> **What you will do**
In the listing, locate the line containing "Blue Yellow Font", then quote it and all following lines exactly. Omit pictures.

> **Given data**
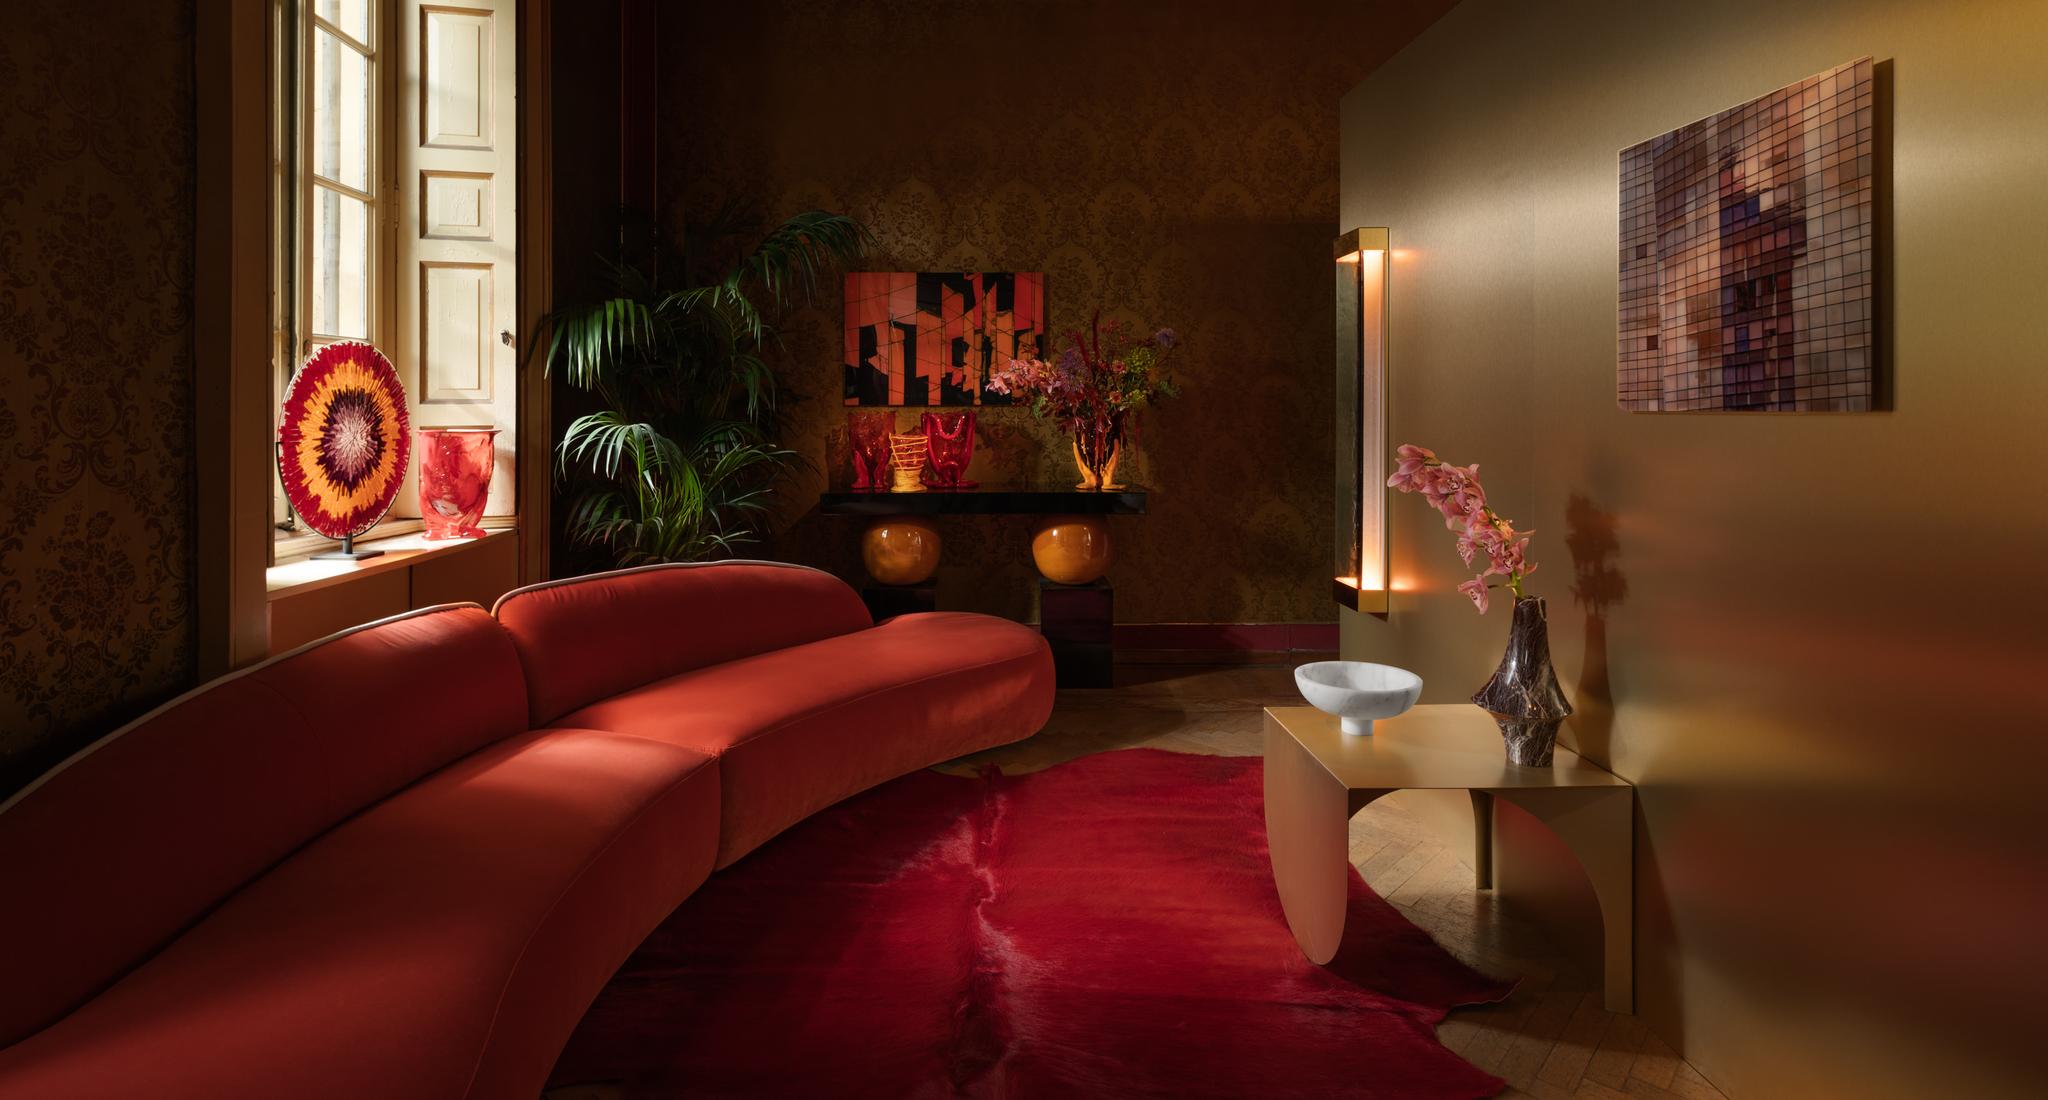 L'Appartamento : Le Salon par Kingston Lafferty Design
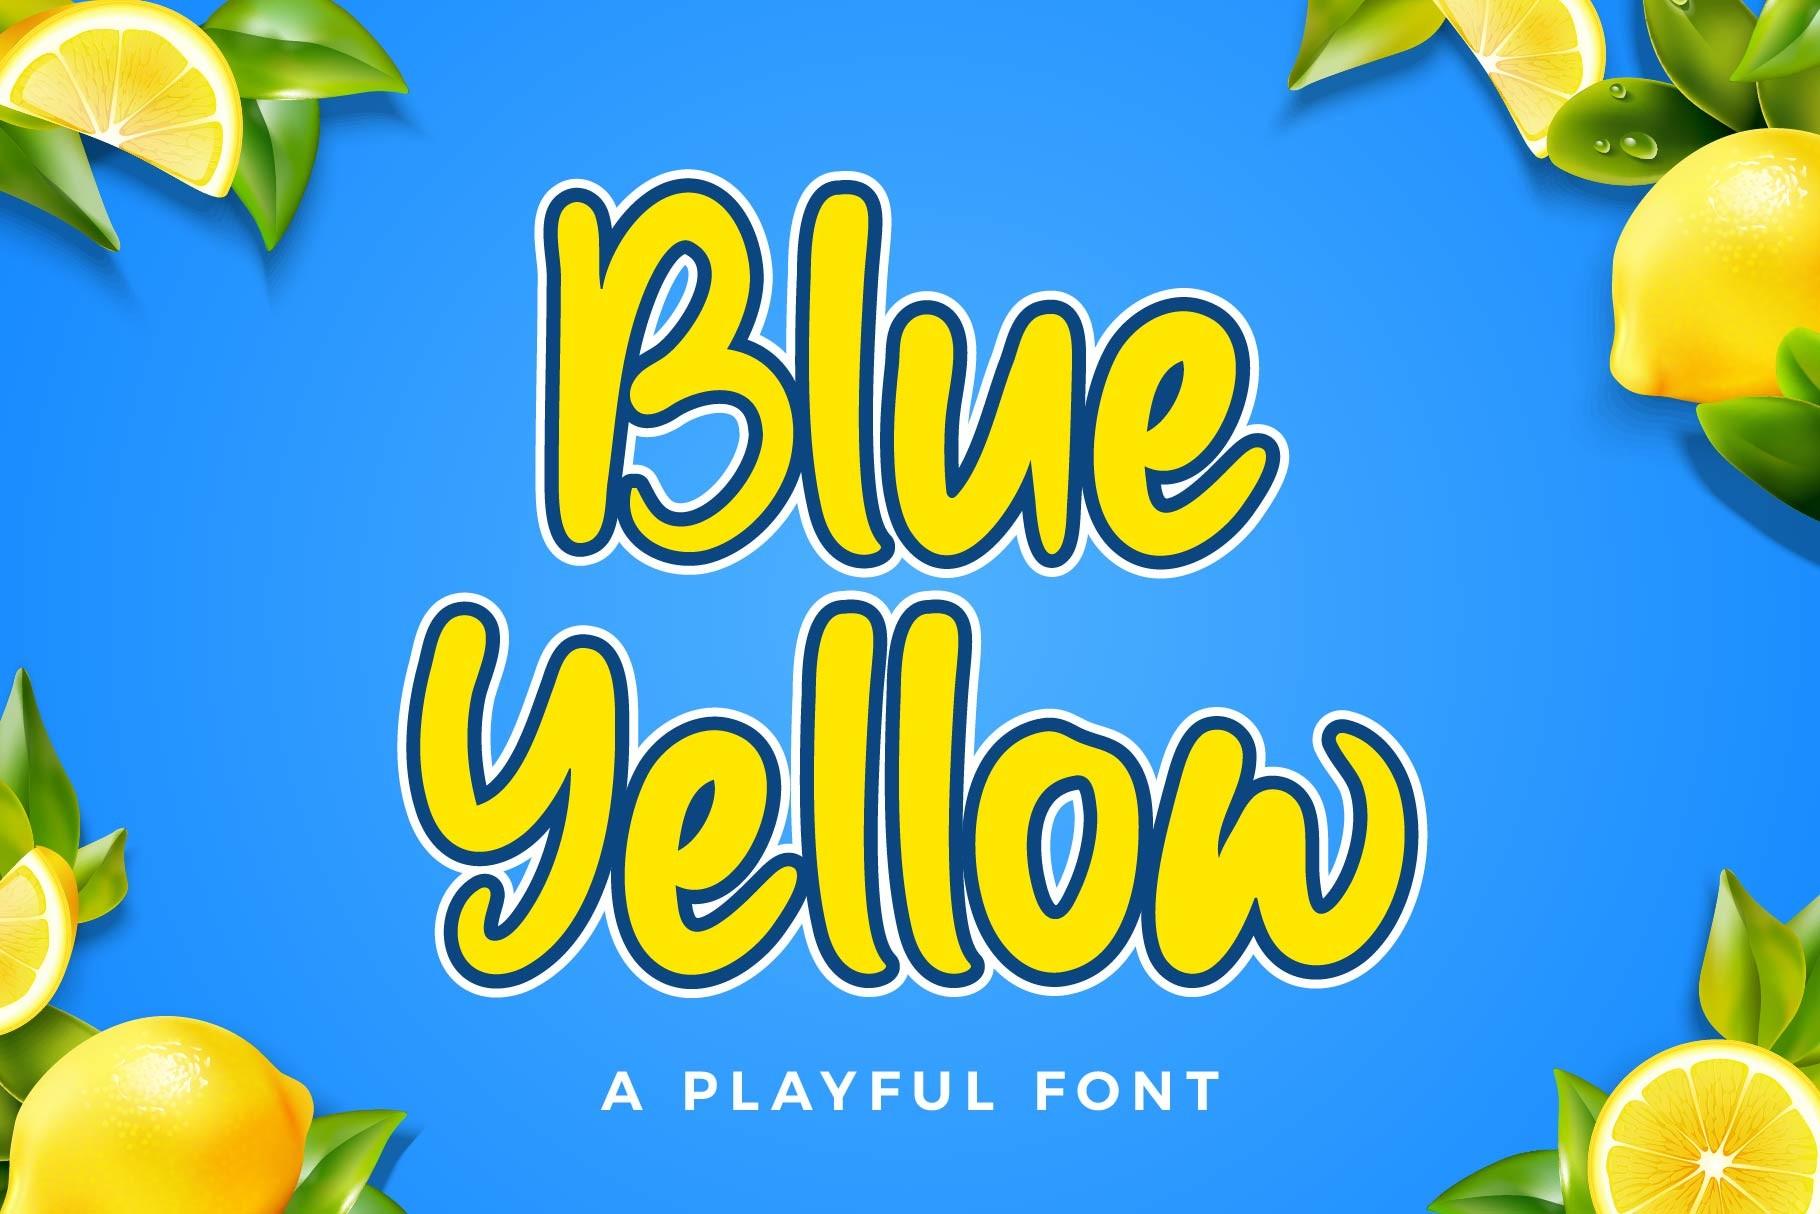 Blue Yellow Font
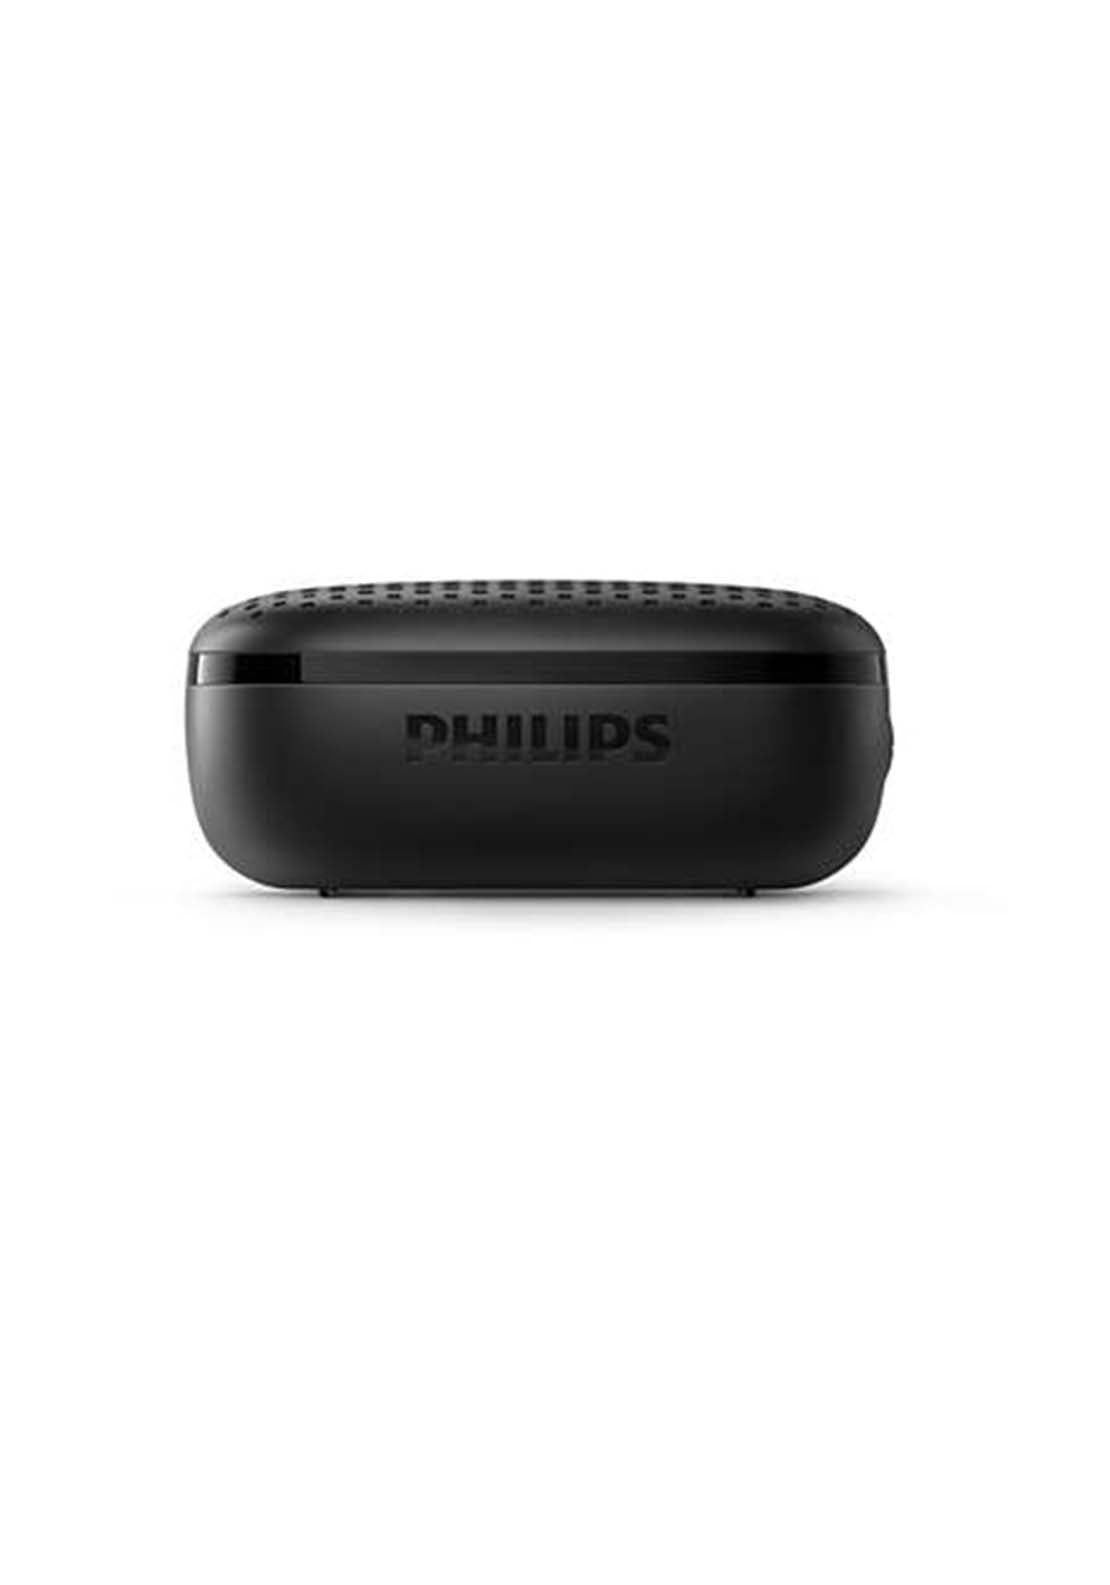 Philips Bluetooth Speaker | Tas2505B00 2 Shaws Department Stores
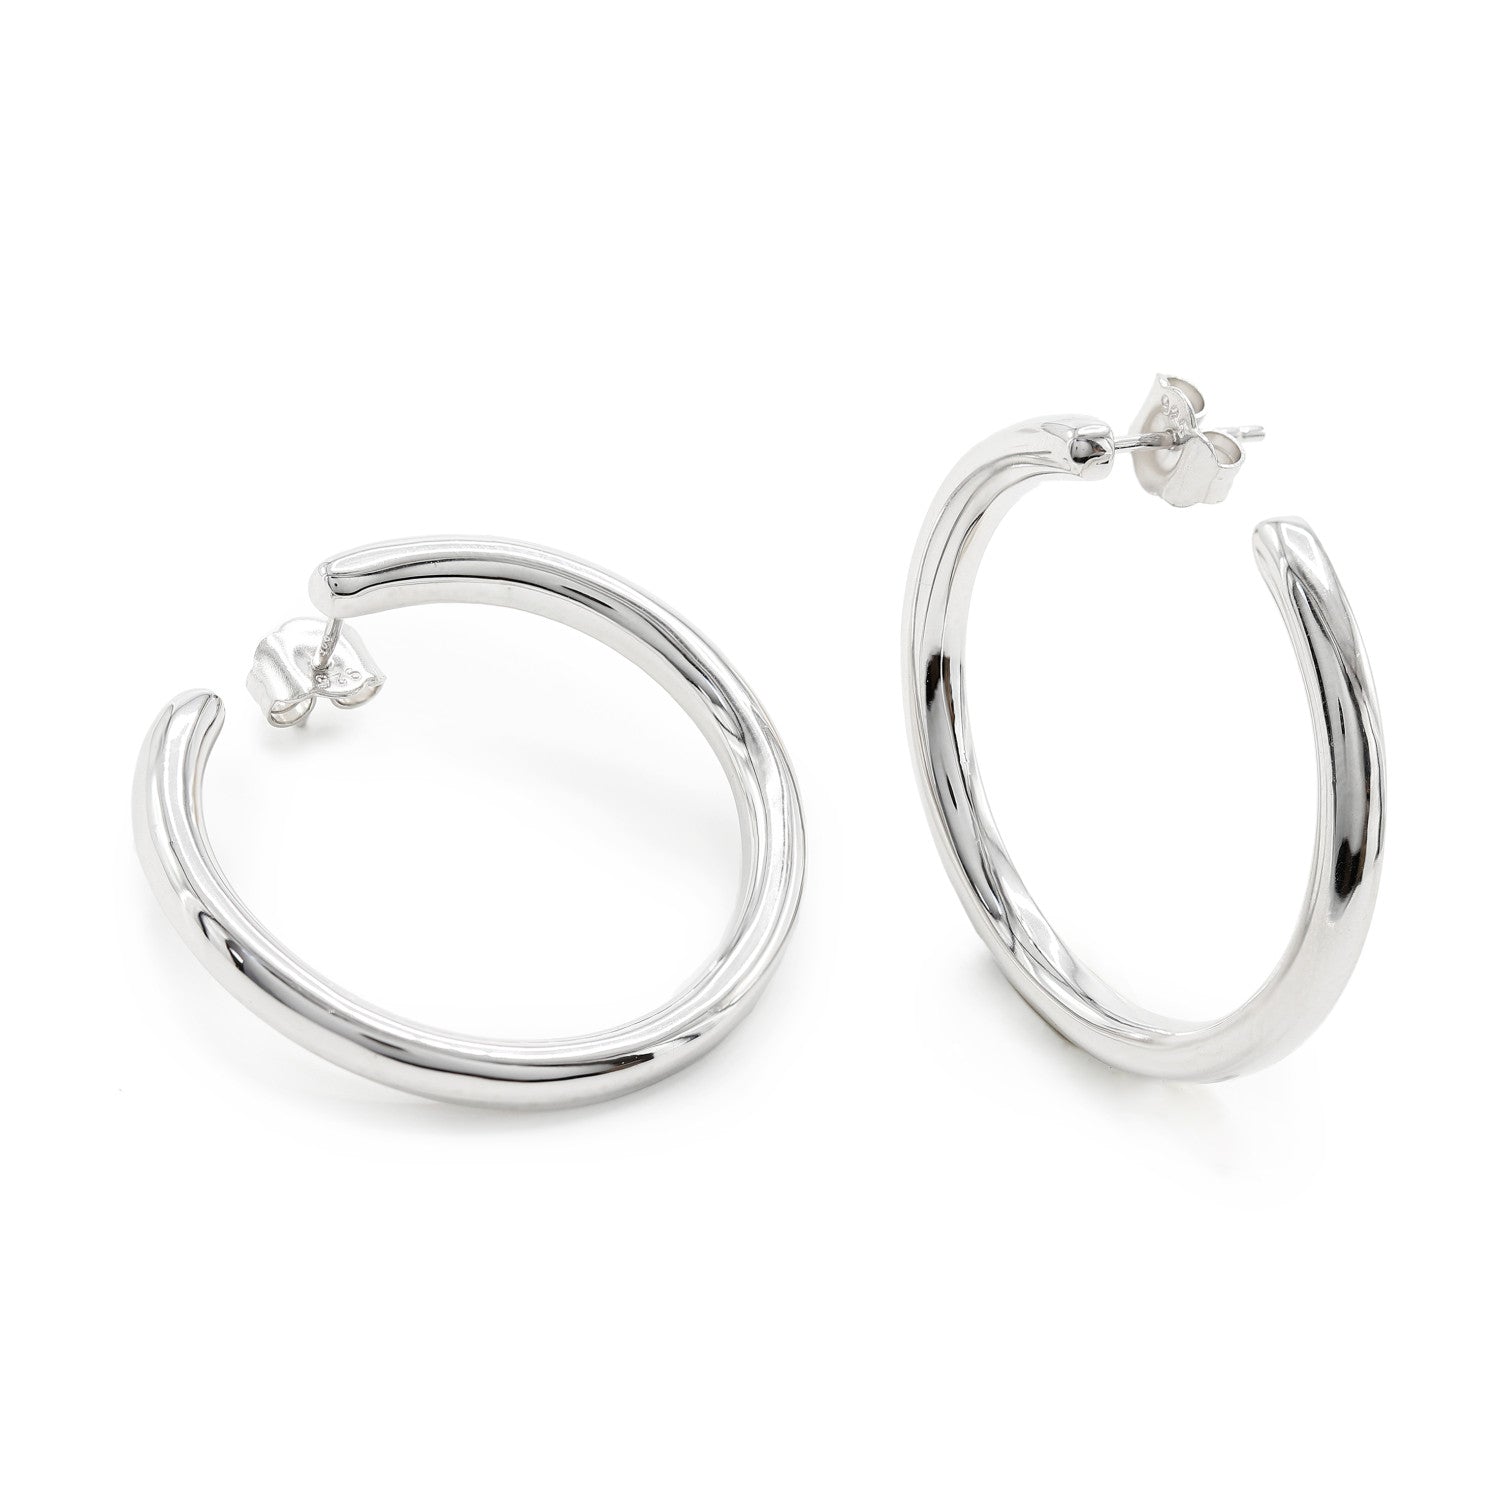 Earrings silver hoop earrings with tubular and side design

> **Answer to the exercise**
 Blue Yellow Font
 Philips Bluetooth Speaker | Tas2505B00 2 Shaws Department Stores
 Earrings silver hoop earrings with tubular and side design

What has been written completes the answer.